Audience 1: Biology majors at UMD
Audience 2: A mother’s group in College Park
- Audience analysis: Construct an introduction that captures the audience’s attention, makes them receptive to your topic, places the term/concept in a context, and previews the main ideas/claims you present in the essay. Following the introduction, you should develop your definition with 3-4 main claims. Well-structured claims for this paper feature a declarative sentence, highlight only one idea, express the idea precisely, and target a specific audience. Support each claim with enough compelling evidence to satisfy the reader. Each sentence should reflect careful thought in both word choice and structure. These sentences, in turn, should coalesce into robust, coherent paragraphs governed by clear and relevant topic sentences. Identify both audiences and explain each audience’s prior orientation to the topic. How much prior knowledge does the reader have about the topic? Given the audience’s stance toward your topic, describe briefly your decisions regarding the selection and arrangement of your supporting material.
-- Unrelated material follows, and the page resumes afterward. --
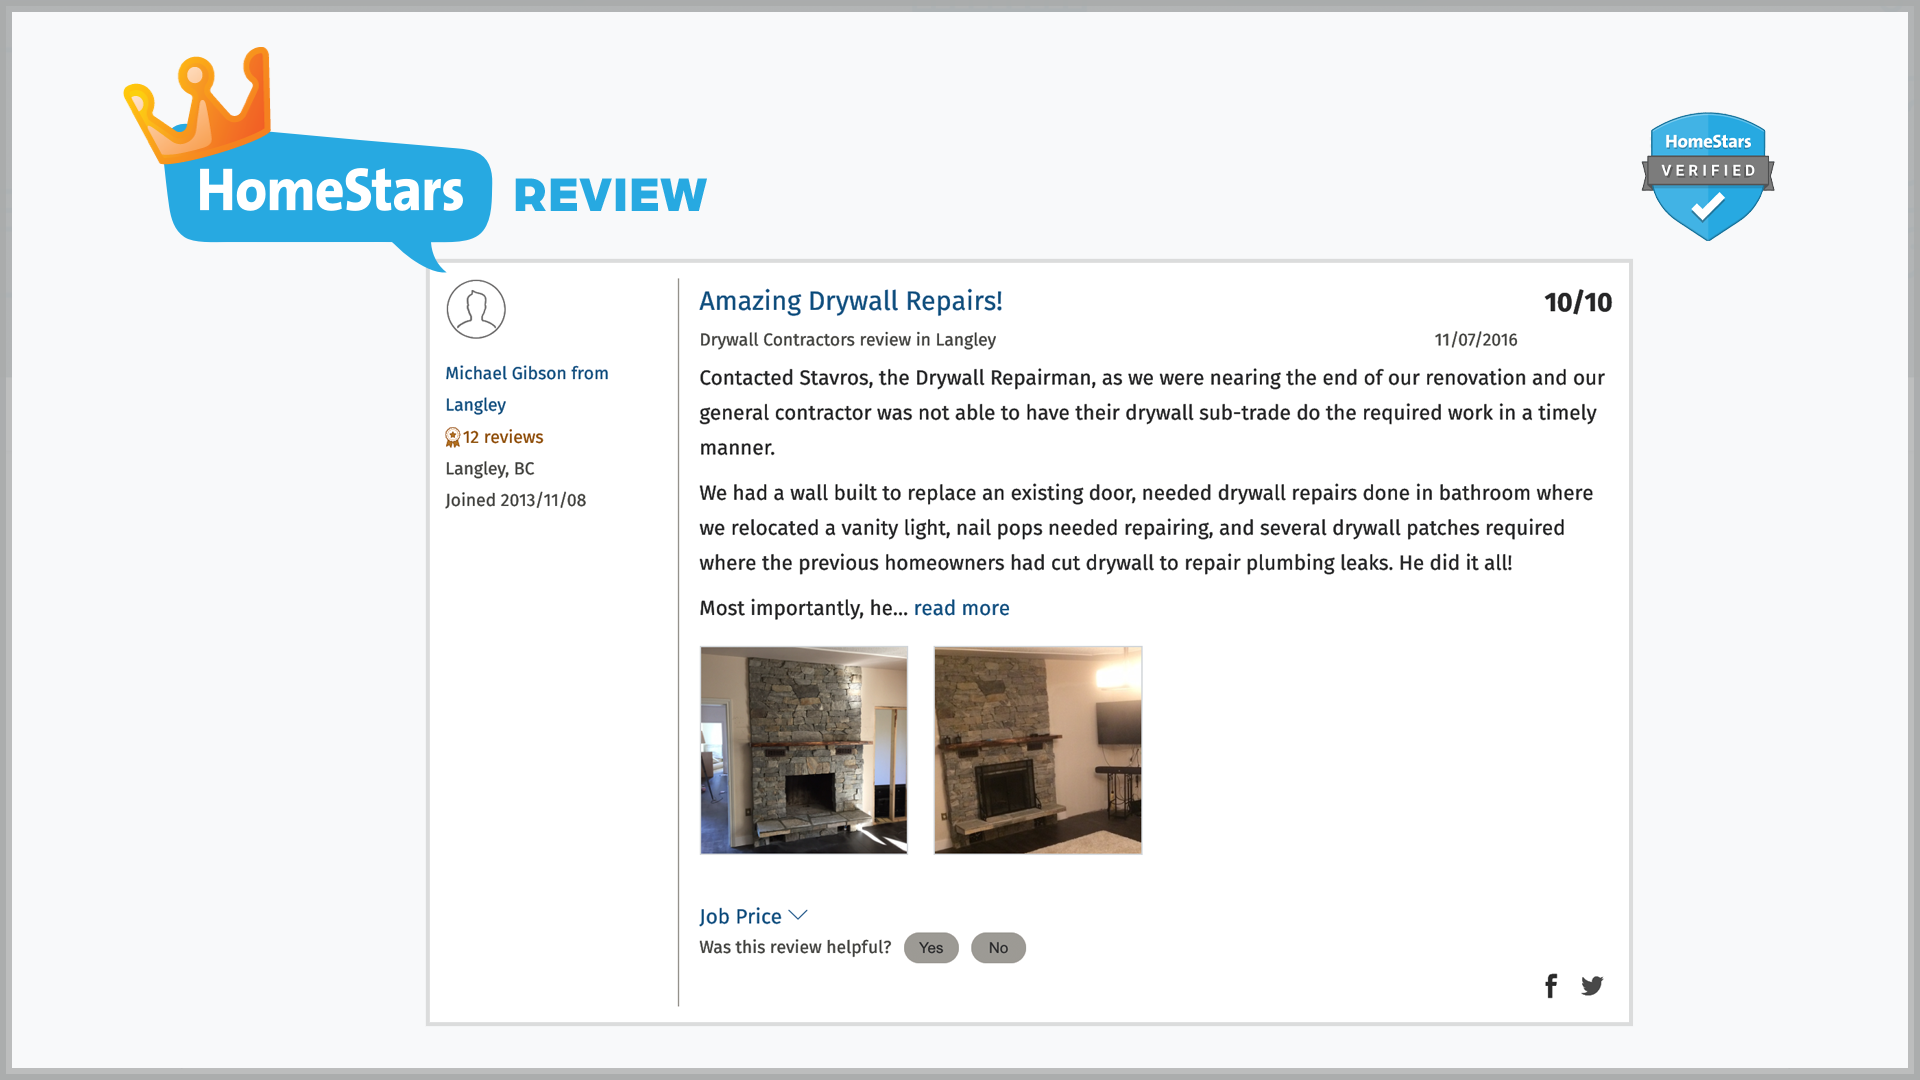 homestars-review-10-out-of-10-drywall-repairman-vancouver-bc-canada-16

How did the topoi covered in class guide the development of the topic for each audience?
- Workshop Evaluation: Briefly describe the revision process including changes you made to your final draft, peer advice, and material from Clark, Lanham and Hacker. How did you detect errors, weaknesses in word choice, argument structure or arrangement of evidence? How did you fix these problems? By now Clark’s Tools and Lanham’s revision method should guide your writing.
- The Paper: Provide a cogent definition for two separate audiences. Avoid cutting and pasting material from one audience definition to the other. THINK as you write.
- Annotated Bibliography: Following the advice offered in MLA, APA, Chicago or other accepted style manual, prepare a bibliography of the resources consulted for your paper (even if you did not include them in the final draft of the paper.) Each entry should include full publication information and a thoughtful annotation.